There are different types of scanners that can scan the directories of a website. The first type of scanner is called a site crawler, which is the same underlying technology search engines use to read websites. These types of scanners, however, are not exclusive to search engines and can be downloaded freely.
It is illegal to scan a target website in most countries, even if your intentions are good. You can and should only use a scanner against websites you own. If you are scanning a third-party website, make sure you have consent. Even so, someone with malicious intentions can use a security scanner to learn more about your website and understand what kind of files are on it.
Another type of scanner is a penetration testing scanner, which can scan a website for vulnerabilities, including leftover files.
Found backup or unreferenced files? Here’s what to do
Storing backup files on a website is never a good idea. Unfortunately, it’s not uncommon for WordPress website owners and administrators to configure cron jobs (scheduled tasks) to take database backups, only to store these backups on the same server.

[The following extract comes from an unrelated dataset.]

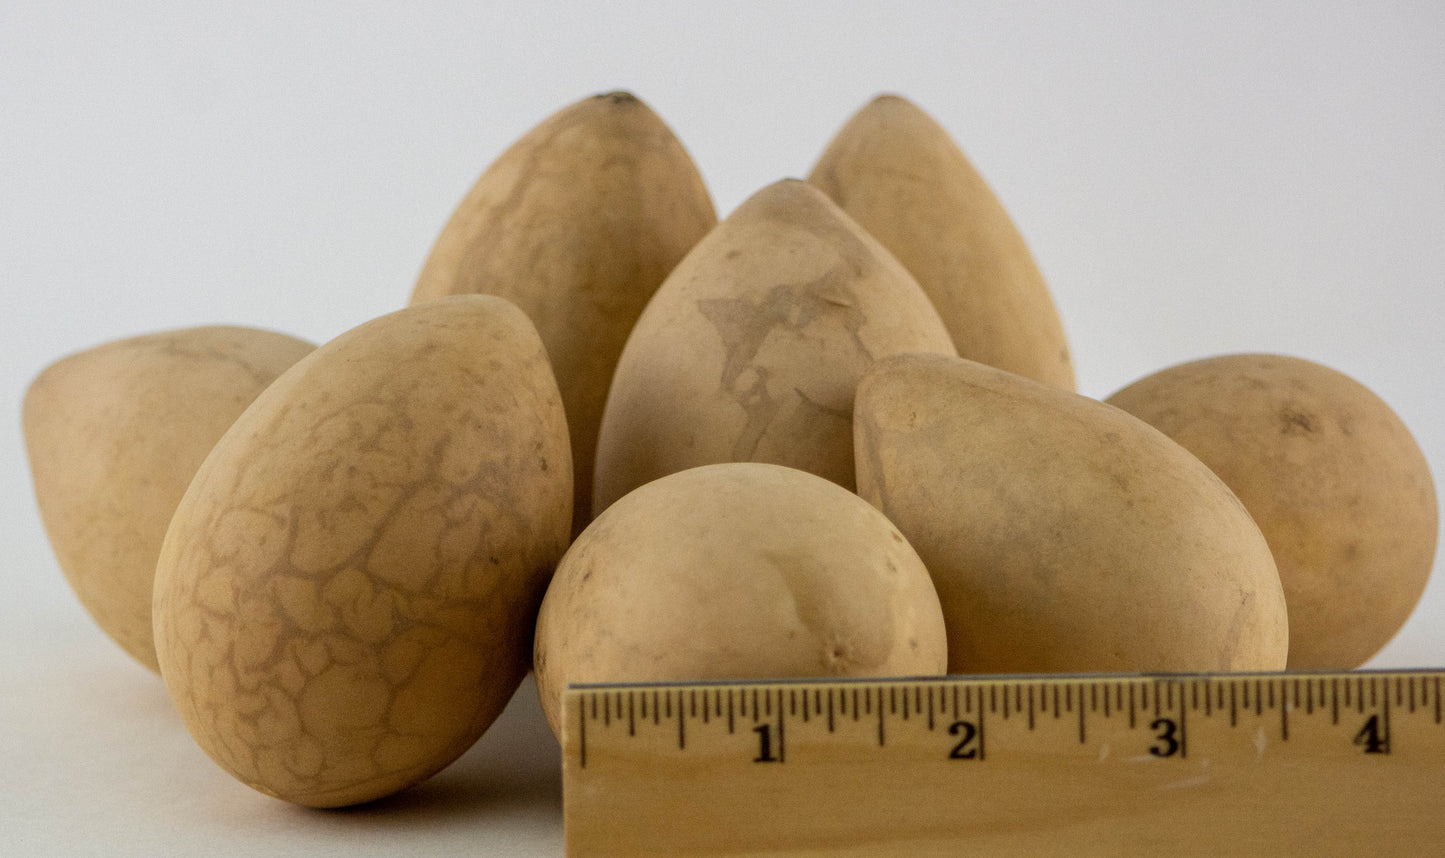 Dried Egg Gourds for Crafting -Box of 50 - Gourdaments

While you most certainly should be backing up your website, you should take care that backup files not be stored anywhere on the system you backed up.
Having a well-thought-out WordPress backup strategy that follows best practices is crucial not only from a security perspective but equally from a business continuity standpoint. After all, backups are not worth much if you cannot use them to restore data.

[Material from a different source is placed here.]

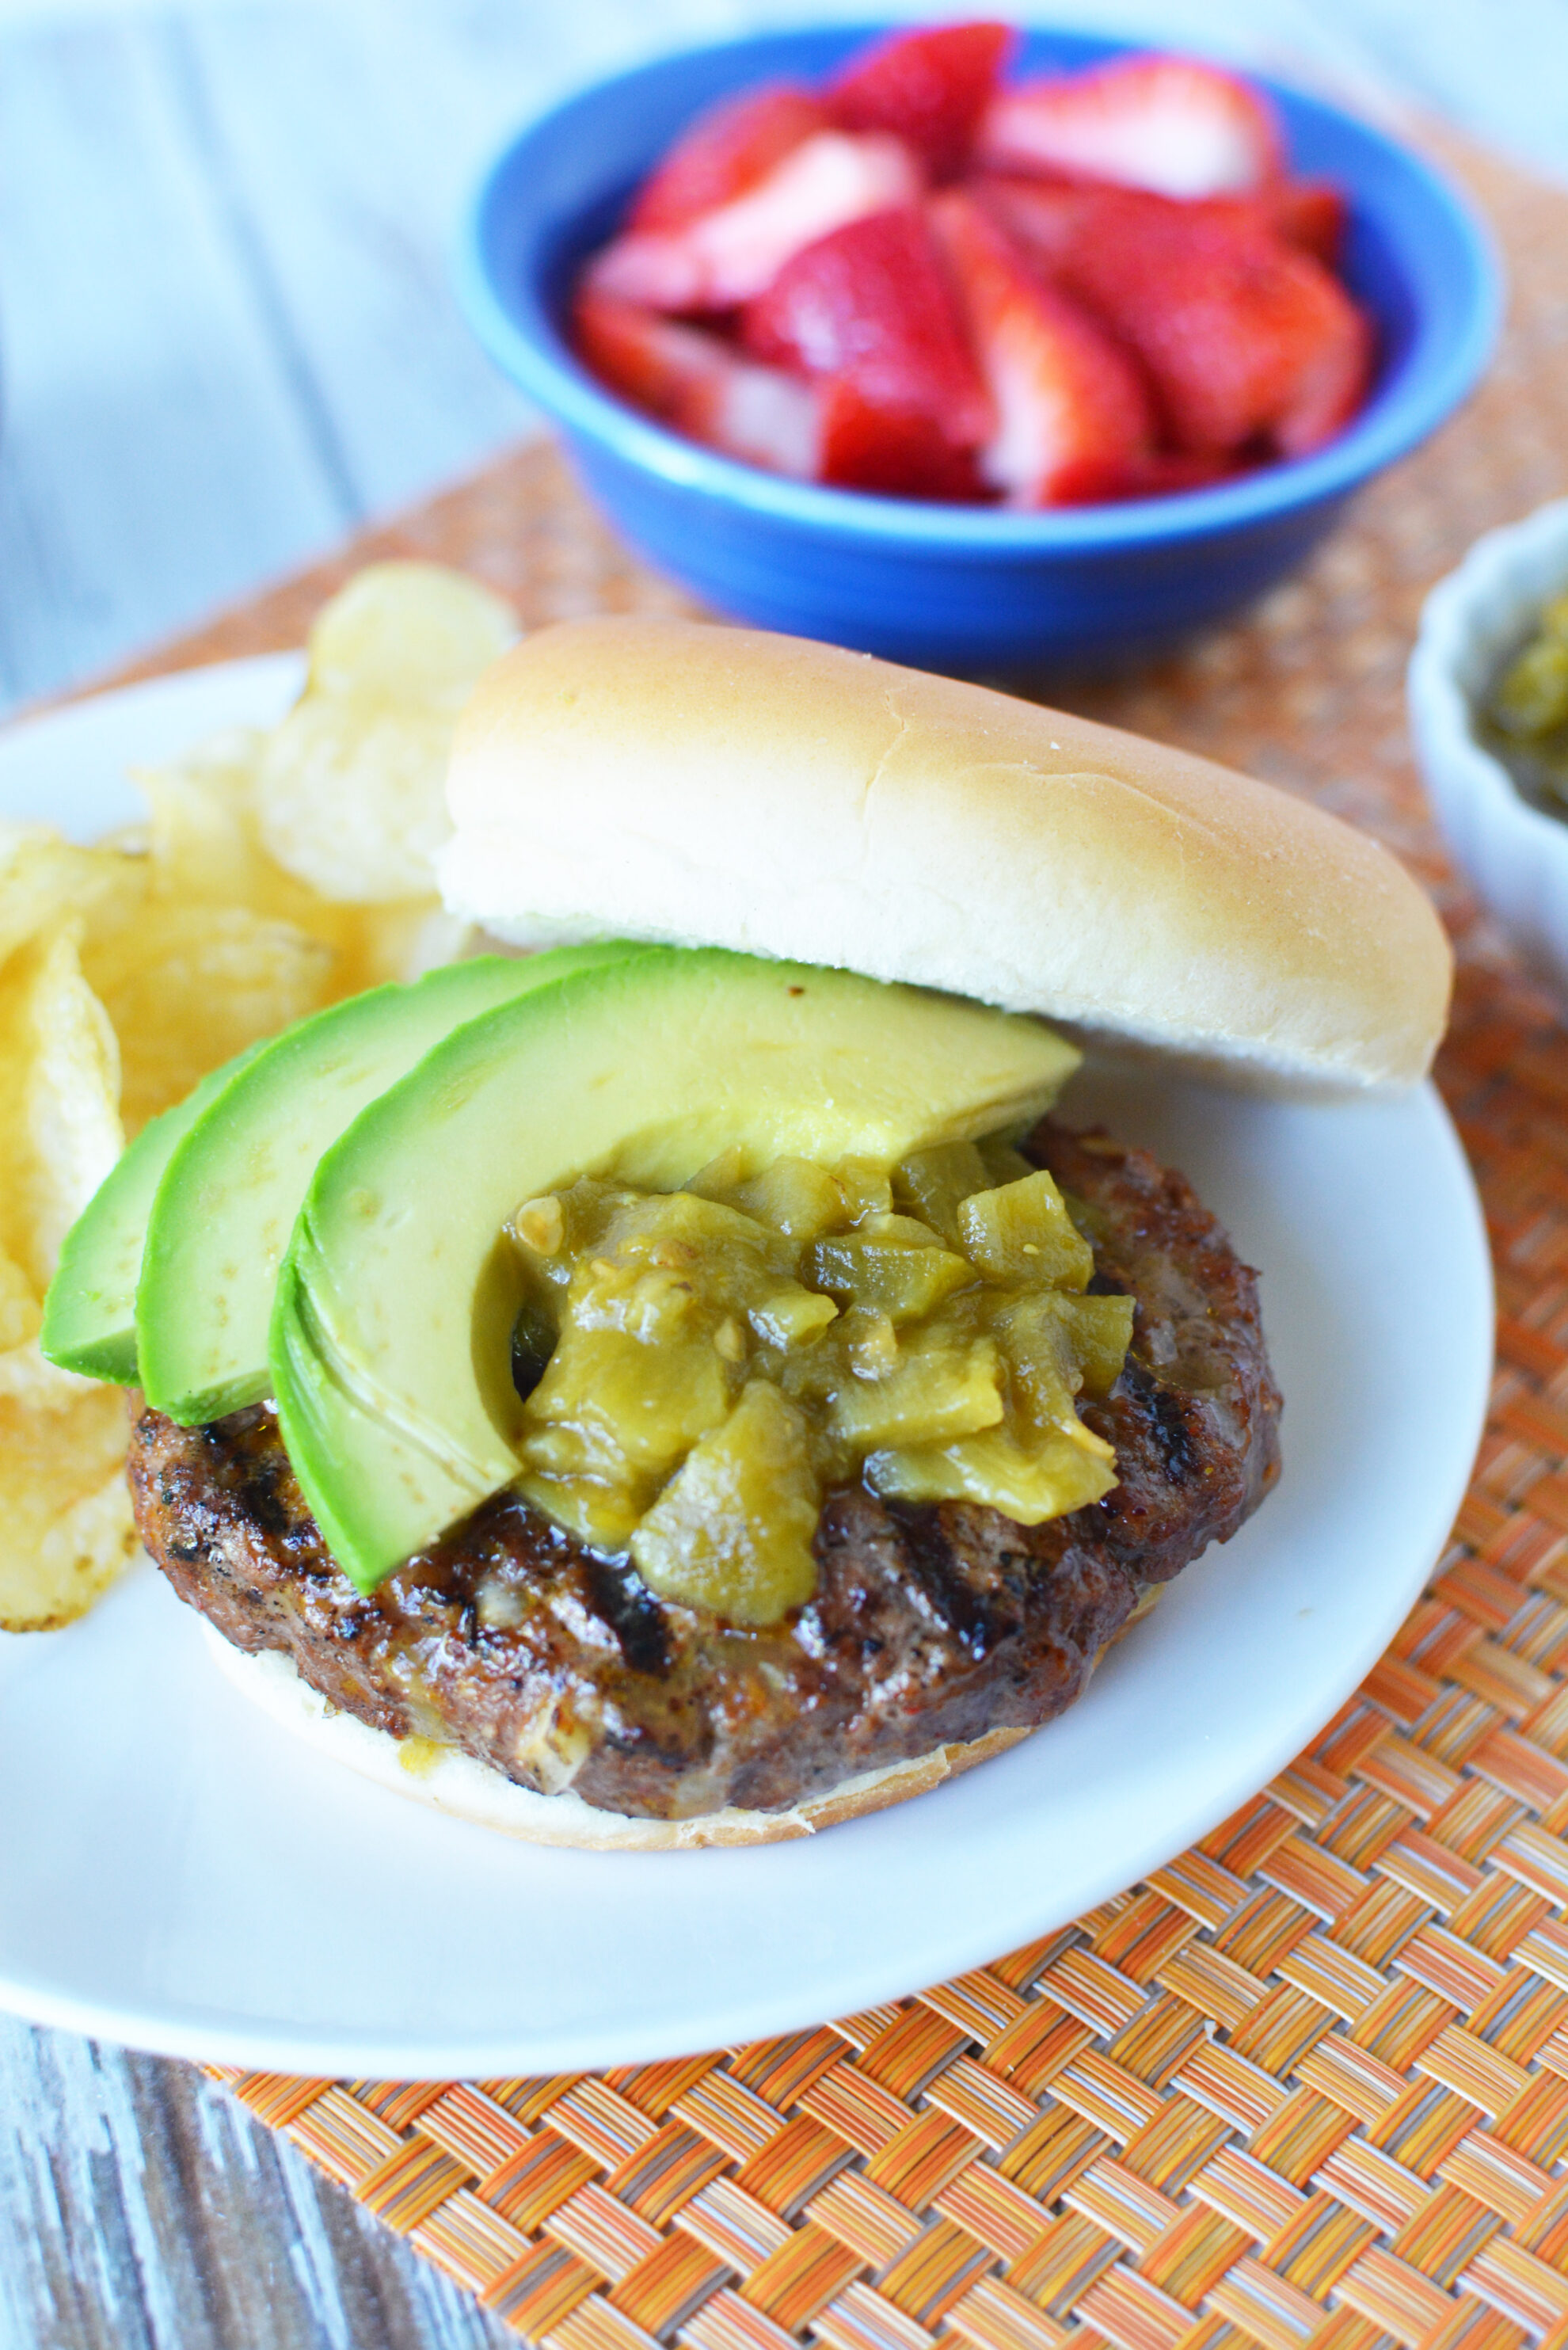 Green Chile Burgers - $5 Dinners | Recipes & Meal Plans

How to prevent backup file enumeration
As we’ve seen throughout this article, keeping backup files on your WordPress website can be pretty risky. As such, you should always use a test or staging environment to carry out your changes before pushing them to the live/production server. Most managed WordPress hosting accounts come with a staging environment right out of the box. You can also use software such as Local, which allows you to spin up WordPress instances on your PC.
Nevertheless, if you choose to keep backup files on your web server, ideally, keep them out of the directory you have configured your webserver to serve.
Additionally, configure your WordPress files permissions to prohibit access to the web server’s user — this ensures that even in the event of a misconfiguration, the webserver will not be allowed to serve the file to a client requesting it. As an added measure, it’s a good idea to encrypt any database backups and make sure the encryption key is not accessible by the web server’s user.